TASK TO CARRY OUT:
The listing must be copied out in full and exactly; no images go with it.

STORED DATA:
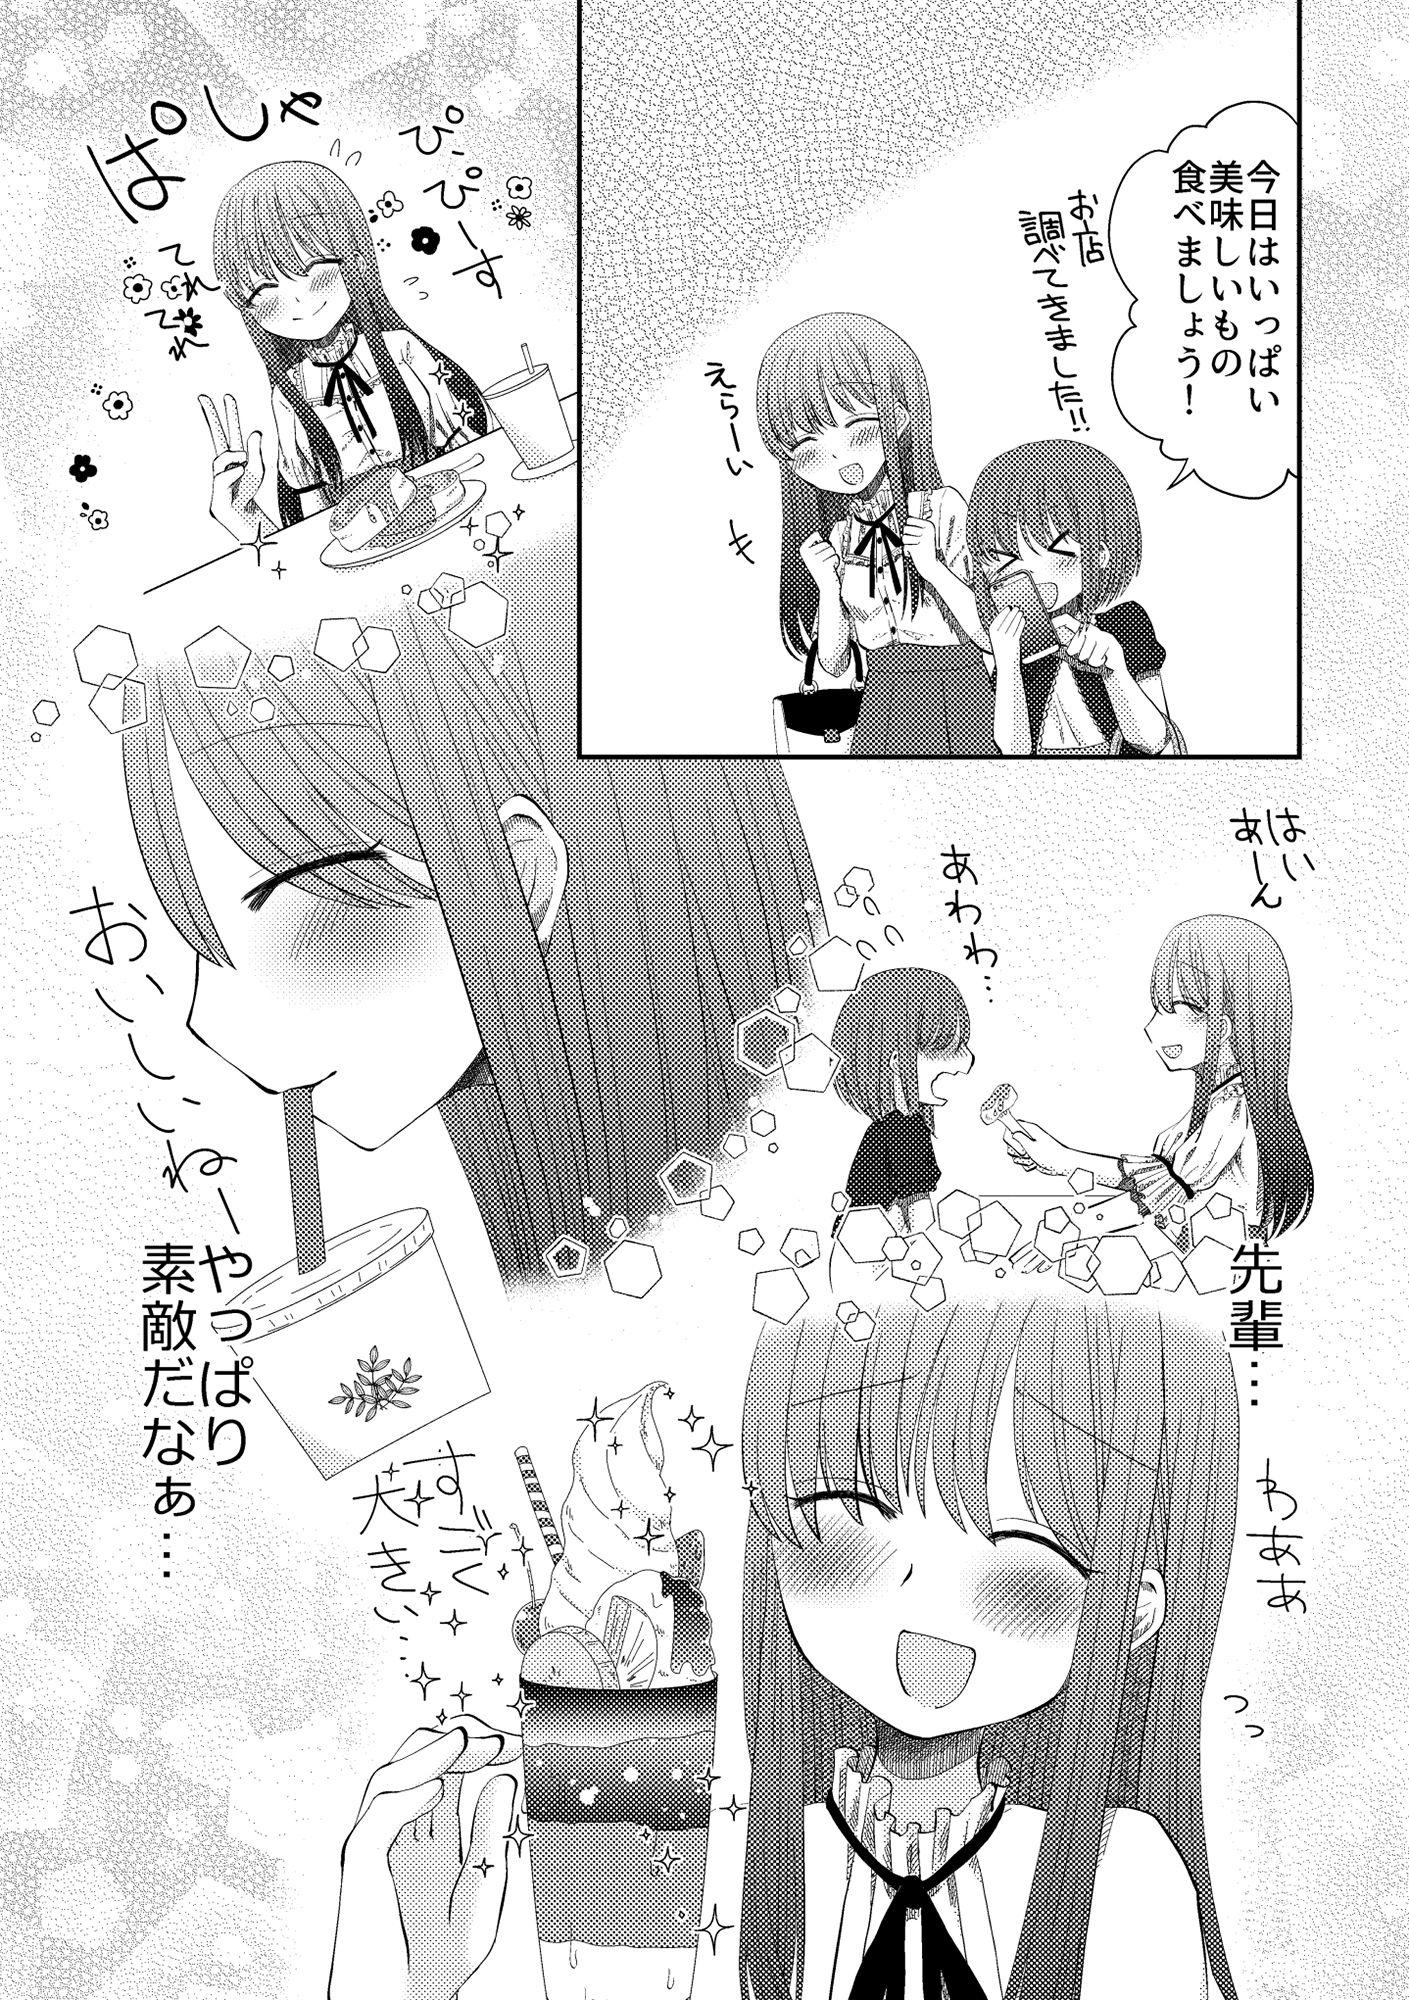 サンプル画像4:嘔吐ふぇち(偏頭痛) [d_194377]
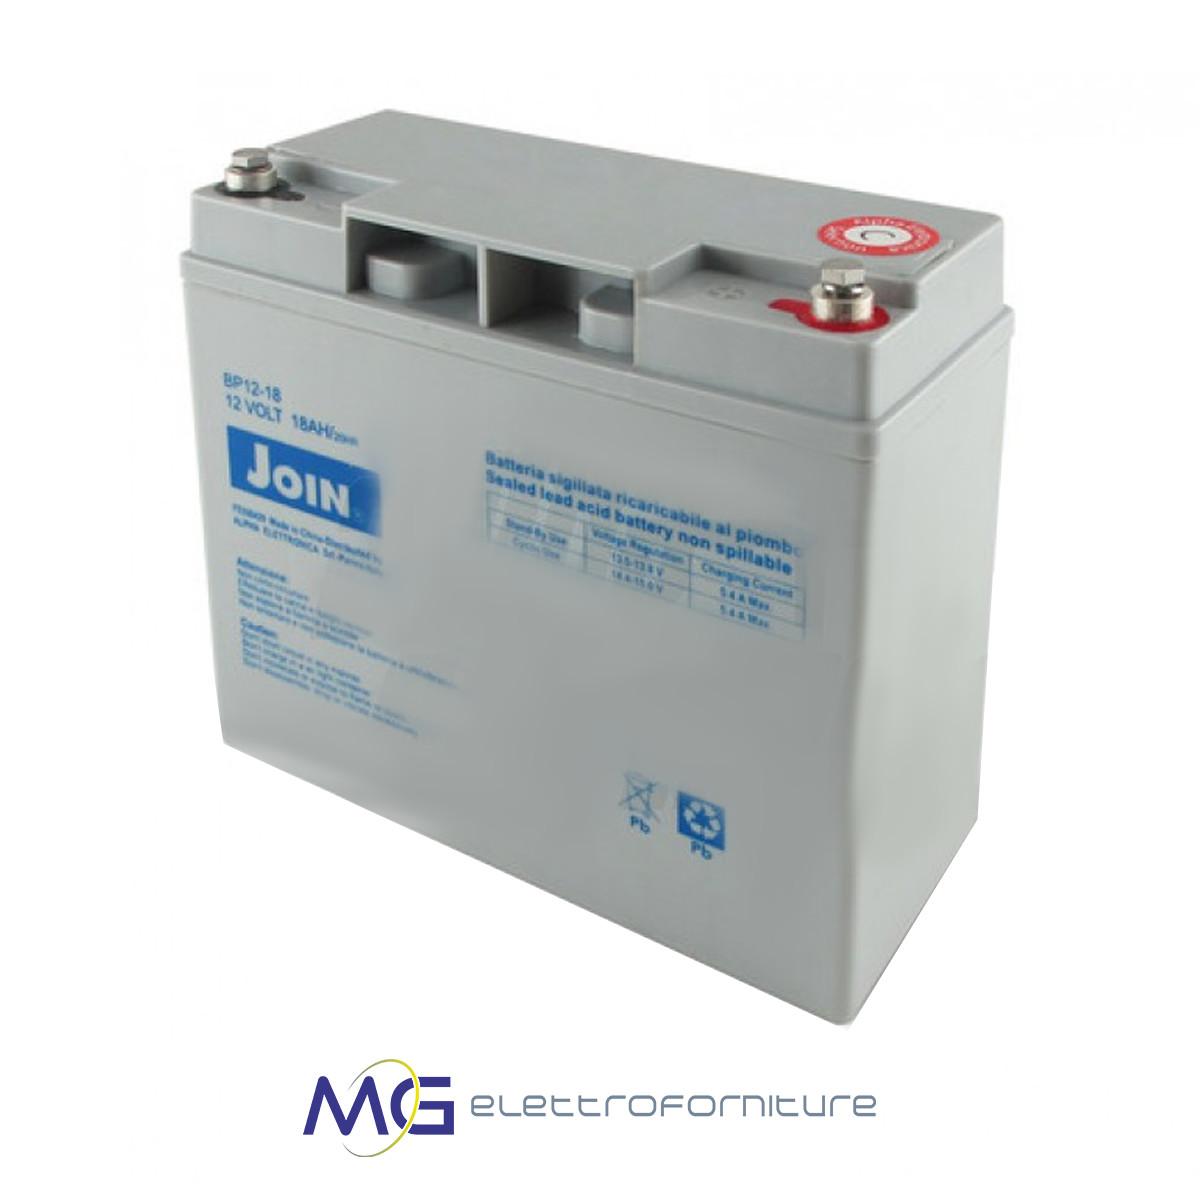 Alpha_elettronica_batteria_BP12-18_prezzo_migliore_MG_Elettroforniture
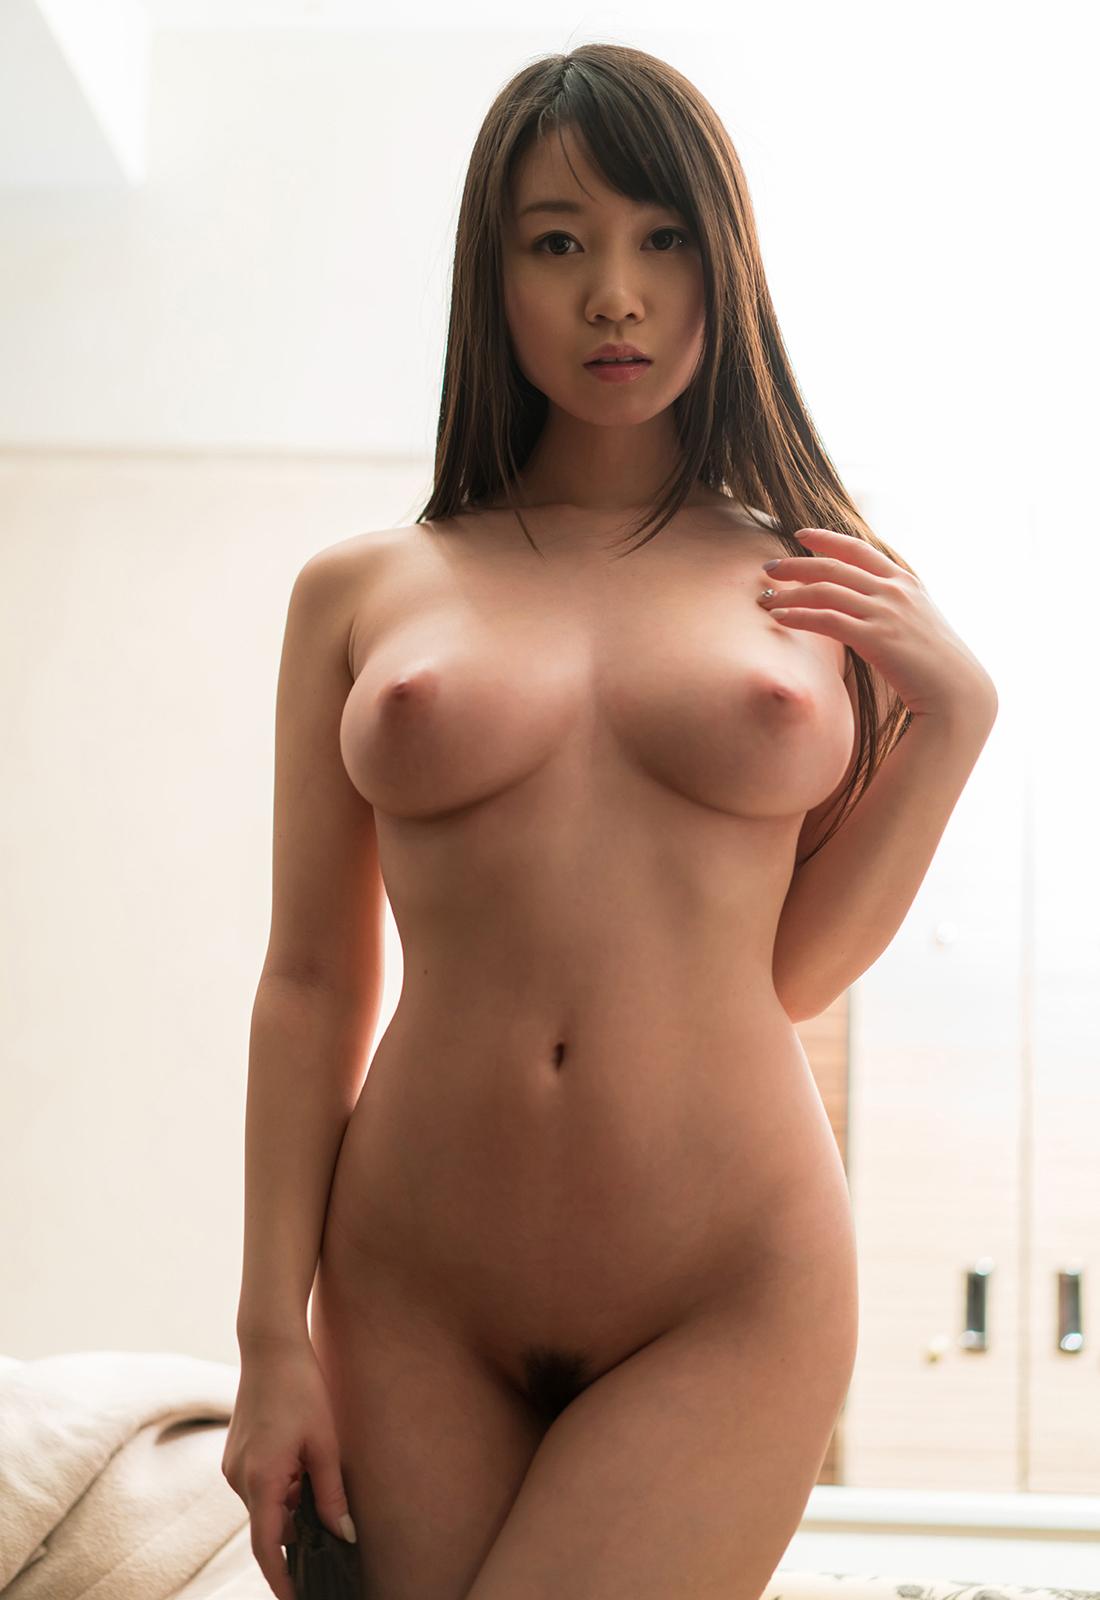 夢乃あいか ぽちゃなGカップの美美巨乳お乳に見惚れちゃうえろ写真
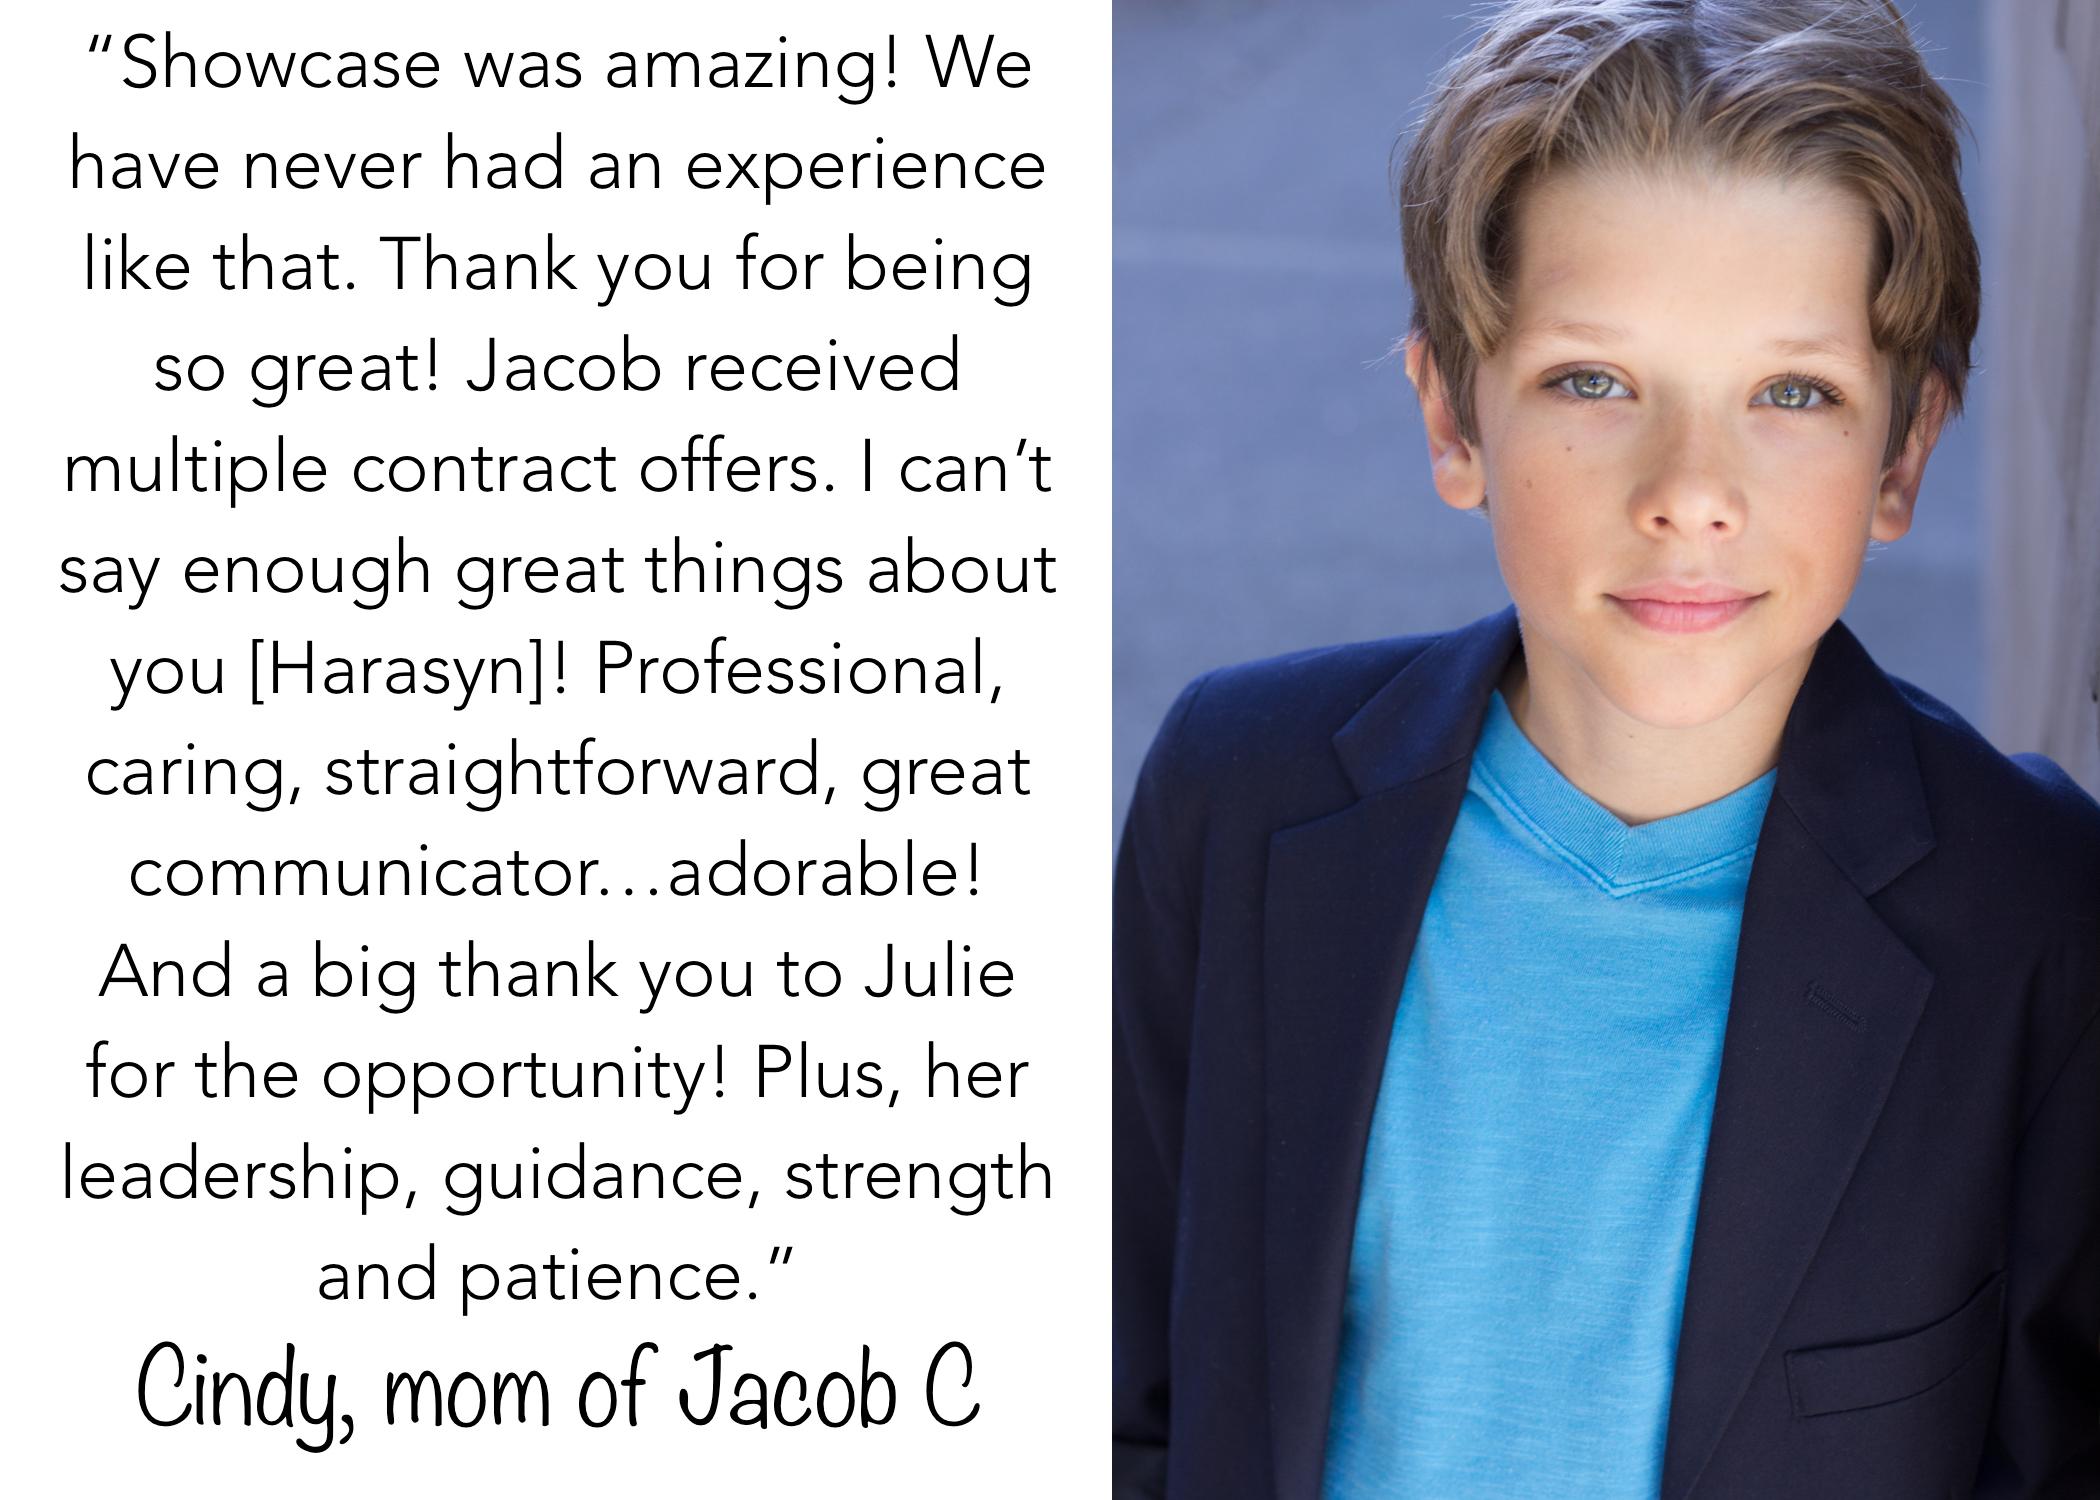 Jacob C

SOLUTION FOR THIS TASK:
 サンプル画像4:嘔吐ふぇち(偏頭痛) [d_194377]
 Alpha_elettronica_batteria_BP12-18_prezzo_migliore_MG_Elettroforniture
 夢乃あいか ぽちゃなGカップの美美巨乳お乳に見惚れちゃうえろ写真
 Jacob C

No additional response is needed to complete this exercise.